▶ Collected material
'''

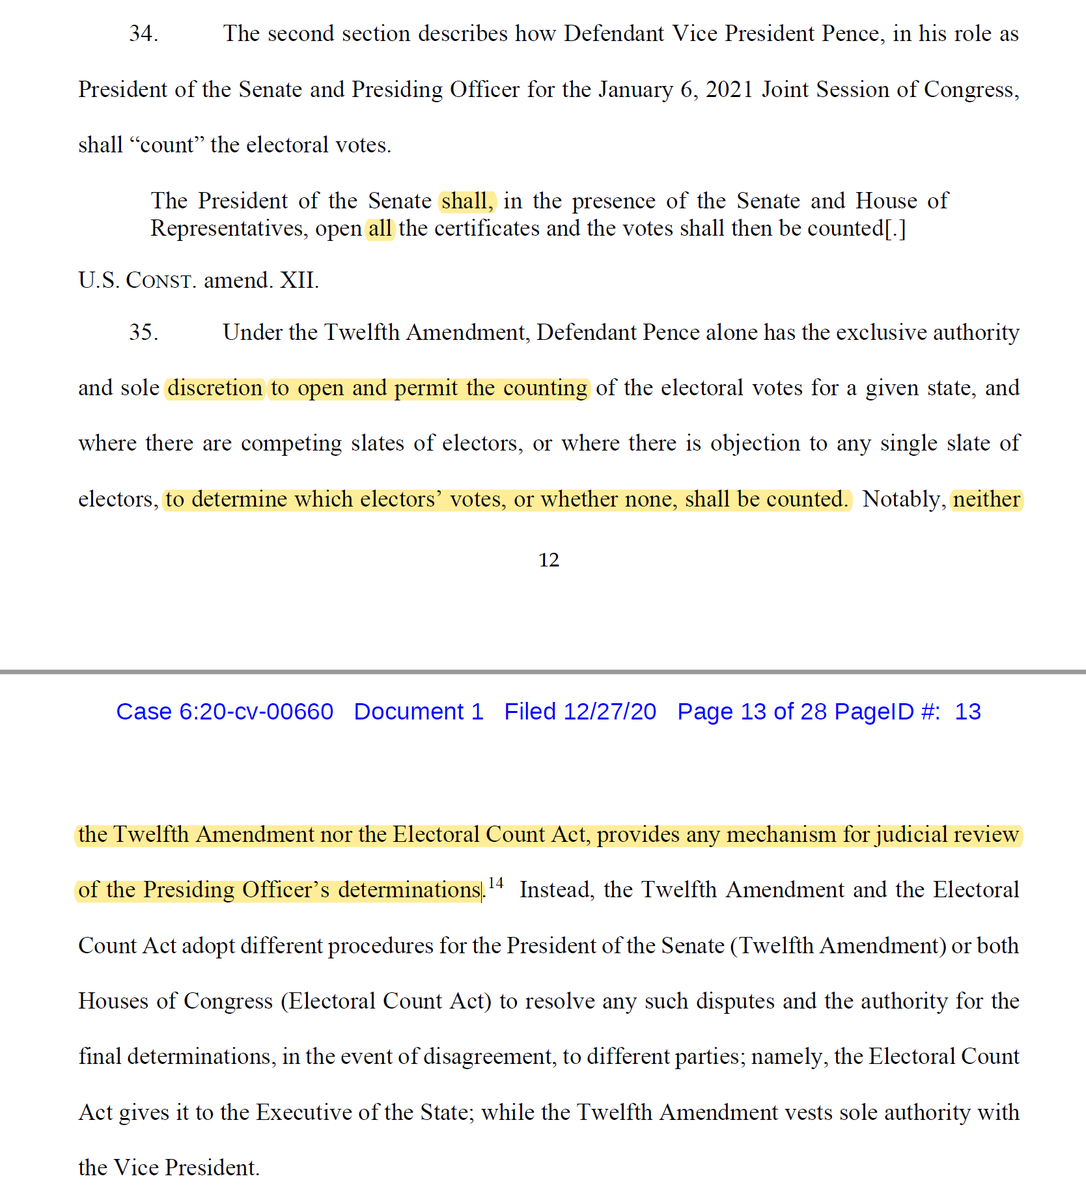 Lots of dumb here, too.1: It's very hard to get from the text of an Amendment that says that the Vice President *shall* *open all* the certificates and the argument that the Vice President has "sole discretion to open and permit the counting."
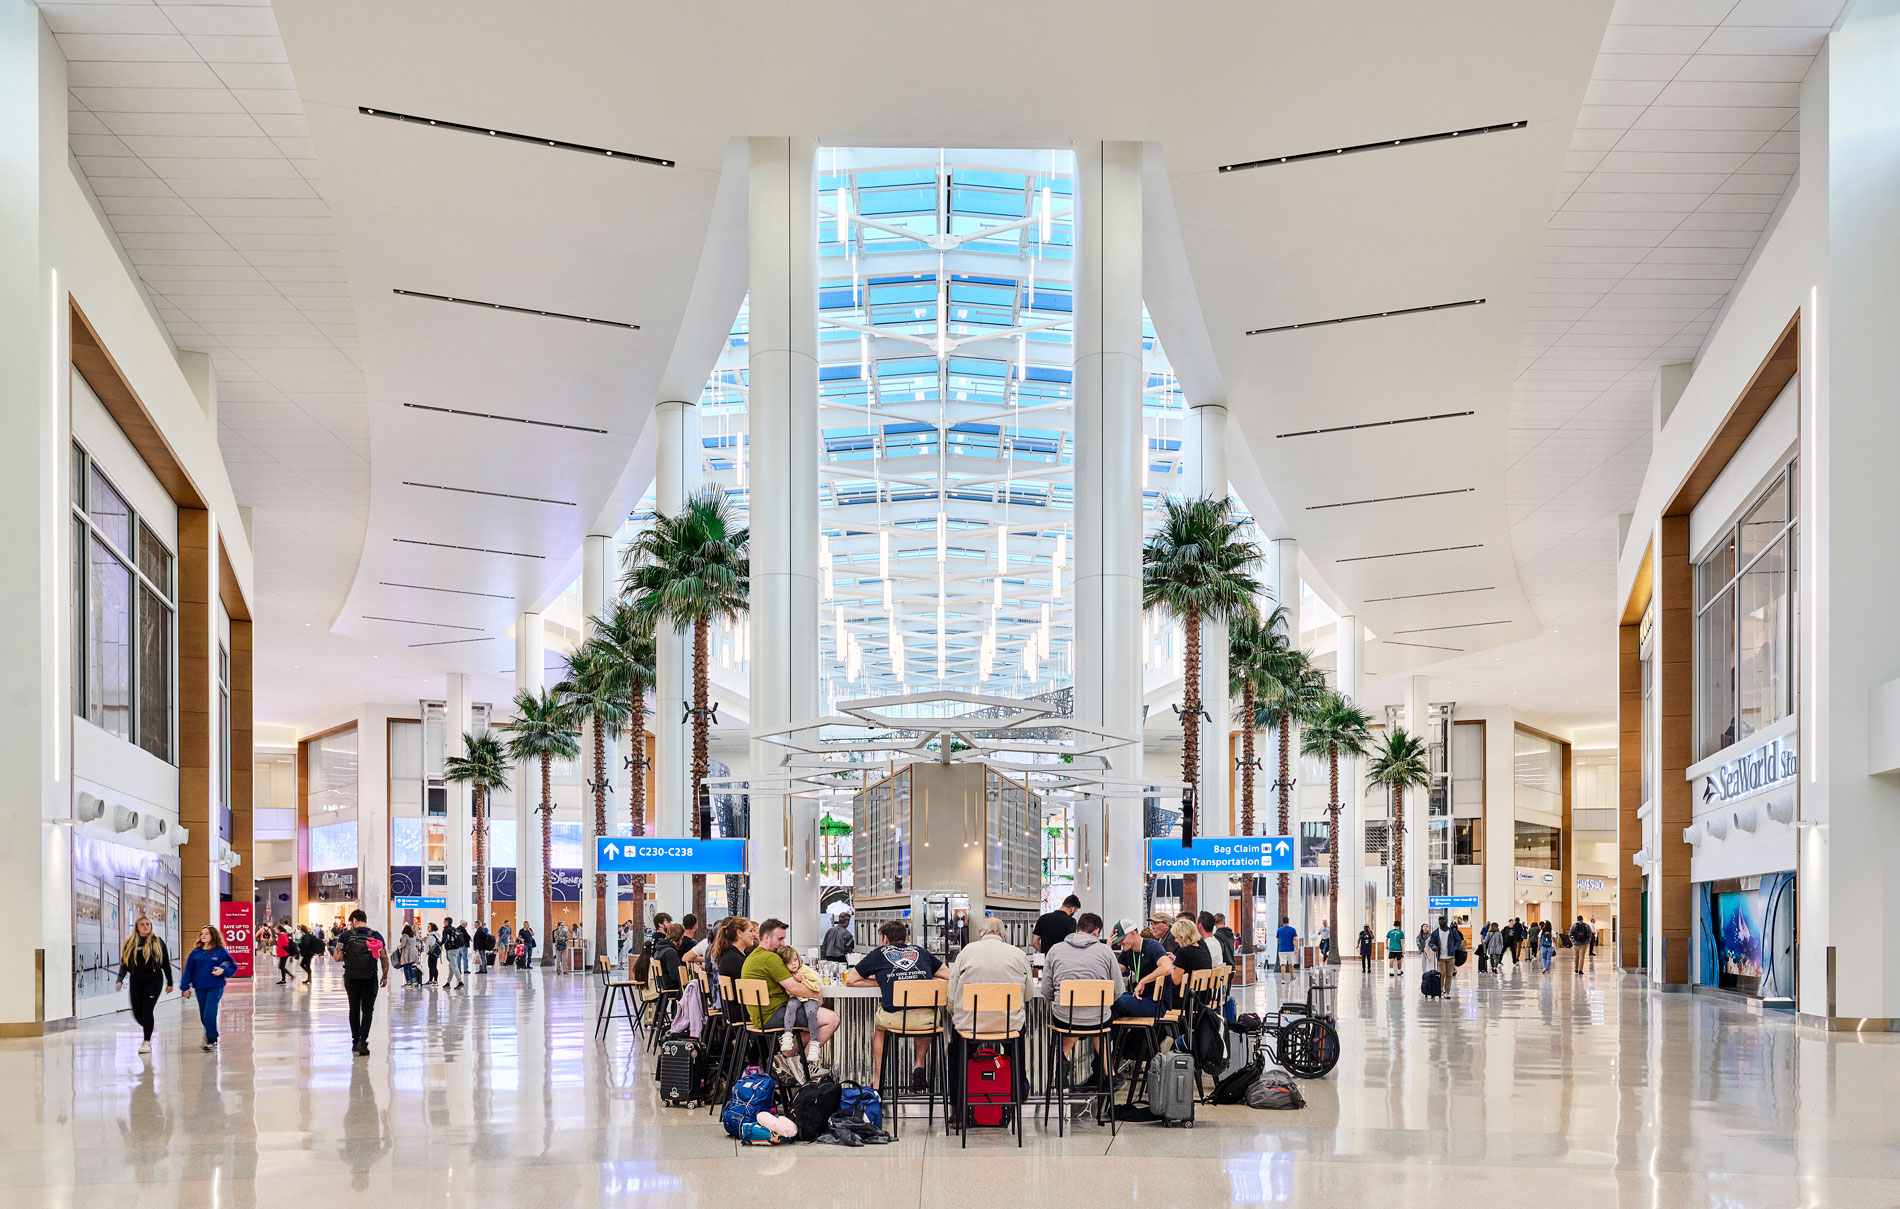 Orlando International Airport South Terminal Complex Wins A+ Awards Special Recognition Architizer
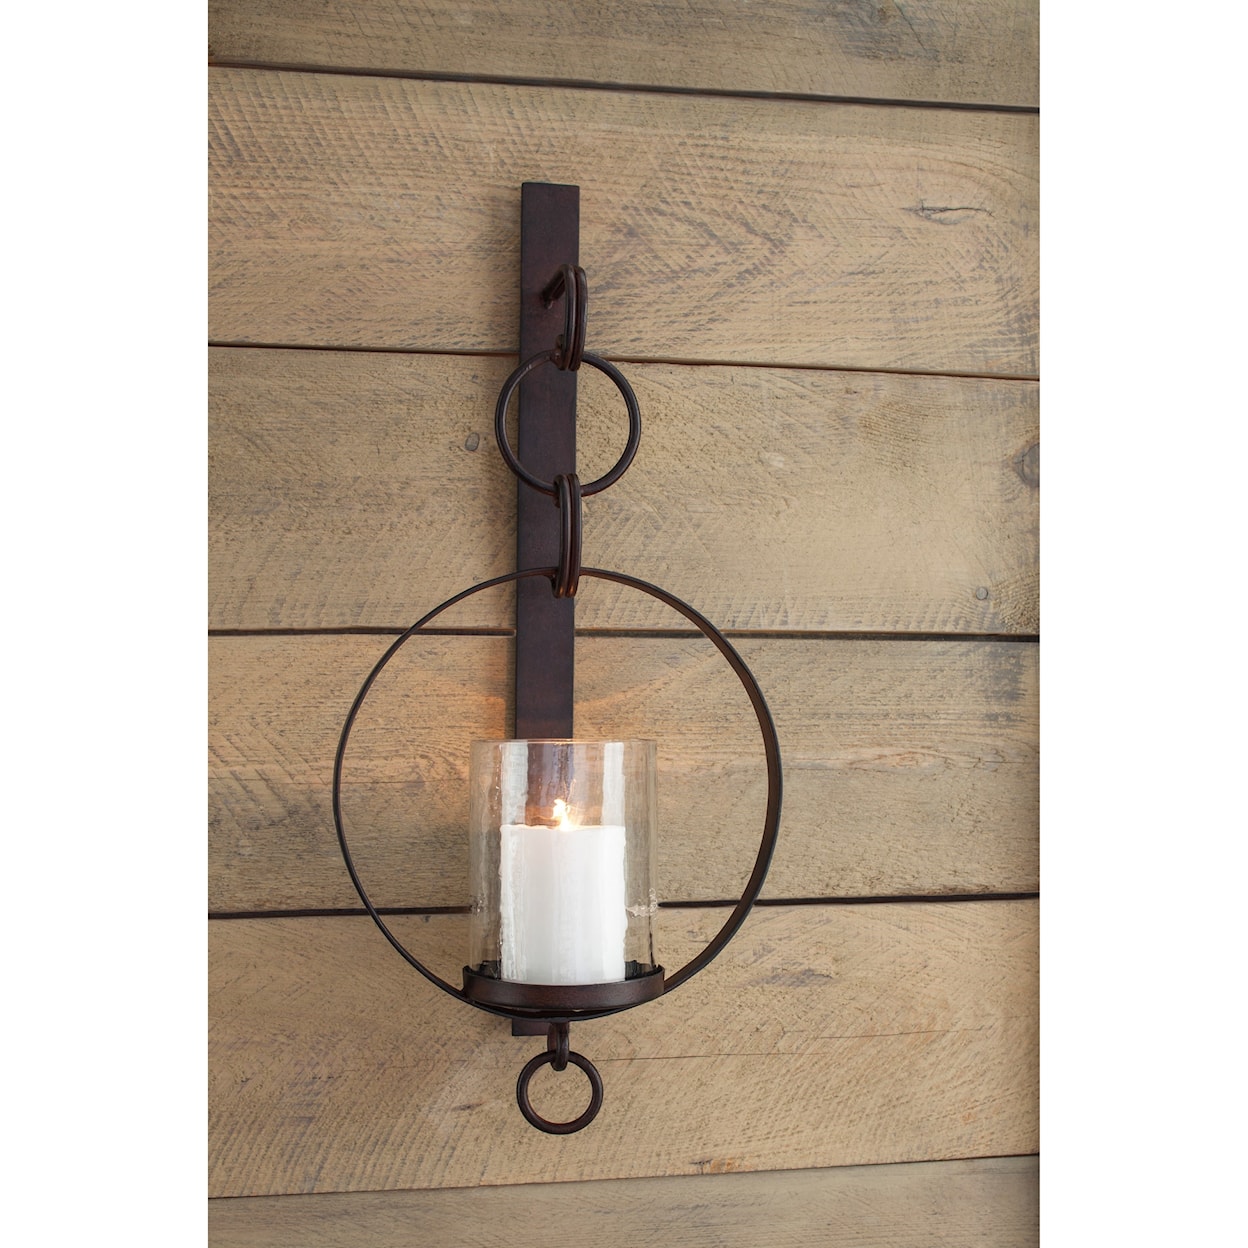 Signature Design by Ashley Wall Art Ogaleesha Brown Wall Sconce

'''

▶ Task goal
For the data above, return an exact copy that contains no pictures.

▶ Solution
 Lots of dumb here, too.1: It's very hard to get from the text of an Amendment that says that the Vice President *shall* *open all* the certificates and the argument that the Vice President has "sole discretion to open and permit the counting."
 Orlando International Airport South Terminal Complex Wins A+ Awards Special Recognition Architizer
 Signature Design by Ashley Wall Art Ogaleesha Brown Wall Sconce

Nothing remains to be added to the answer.